During the Company's two most recent fiscal years ended June 30, 2022 and 2021,
and the subsequent interim period from July 1, 2022 through April 15, 2023,
there were no disagreements ("disagreement" is defined in Item 304(a)(1)(iv) of
Regulation S-K and the related instructions to Item 304 of Regulation S-K)
between the Company and Somerset on any matter of accounting principles or
practices, financial statement disclosure, or auditing scope or procedure, which
disagreements, if not resolved to the satisfaction of Somerset, would have
caused Somerset to make reference to the subject matter of the disagreements in
connection with its reports on the Company's consolidated financial statements
for such years. In addition, during the Company's two most recent fiscal years
ended June 30, 2022 and 2021, and the subsequent interim period from July 1,
2022 through April 15, 2023, there were no "reportable events," as defined in
Item 304(a)(1)(v) of Regulation S-K.
As previously disclosed in Item 9A of the Company's Annual Reports on Form 10-K
for each of the fiscal years ended June 30, 2022 and 2021, the Company concluded
that its internal control over financial reporting was not effective as of June
30, 2022 and 2021 due to certain material weaknesses.
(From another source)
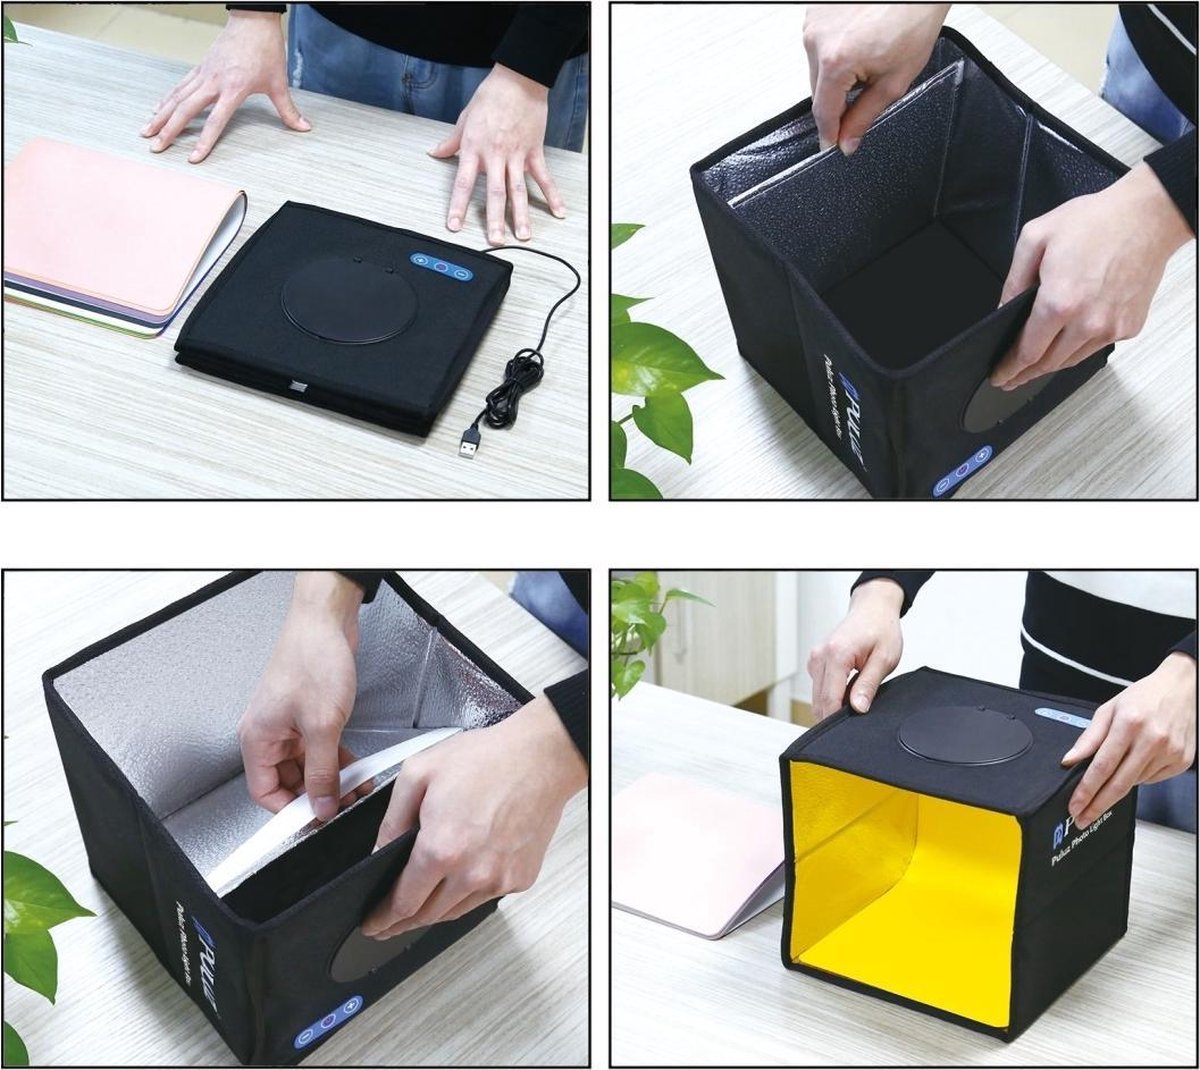 Puluz professionele fotostudio box – Fotobox – Fotostudio – Fotografie – Fotografie accessoires - 25 x 25 x 25 cm – LED verlichting – 6 kleuren achtergronden - PULUZ

The material weakness
relates to the fact that the Company's management is relying on external
consultants for purposes of preparing its financial reporting package; however,
the officers may not be able to identify errors and irregularities in the
financial reporting package before its release as a continuous disclosure
document.
The Company provided Somerset with a copy of the above disclosures and requested
that Somerset furnish the Company with a letter addressed to the Securities and
Exchange Commission stating whether or not it agrees with the statements made
above. A copy of Somerset's letter dated April 20, 2023 is attached as Exhibit
16.1 to this Current Report on Form 8-K.
(b) Appointment of New Independent Registered Public Accounting Firm
On April 15, 2023, the Company engaged Rodefer as the Company's independent
registered public accounting firm for the fiscal year ending June 30, 2023,
effective immediately. During the fiscal years ended June 30, 2022 and 2021 and
the subsequent interim period from July 1, 2022 through April 15, 2023, neither
the Company nor anyone on its behalf consulted with Rodefer regarding (i) the
application of accounting principles to any specified transaction, either
completed or proposed or the type of audit opinion that might be rendered on the
Company's consolidated financial statements, and neither a written report nor
oral advice was provided to the Company that Rodefer concluded was an important
factor considered by the Company in reaching a decision as to any accounting,
auditing, or financial reporting issue, or (ii) any matter that was either the
subject of a "disagreement," as defined in Item 304(a)(1)(iv) of Regulation S-K,
or a "reportable event," as defined in Item 304(a)(1)(v) of Regulation S-K.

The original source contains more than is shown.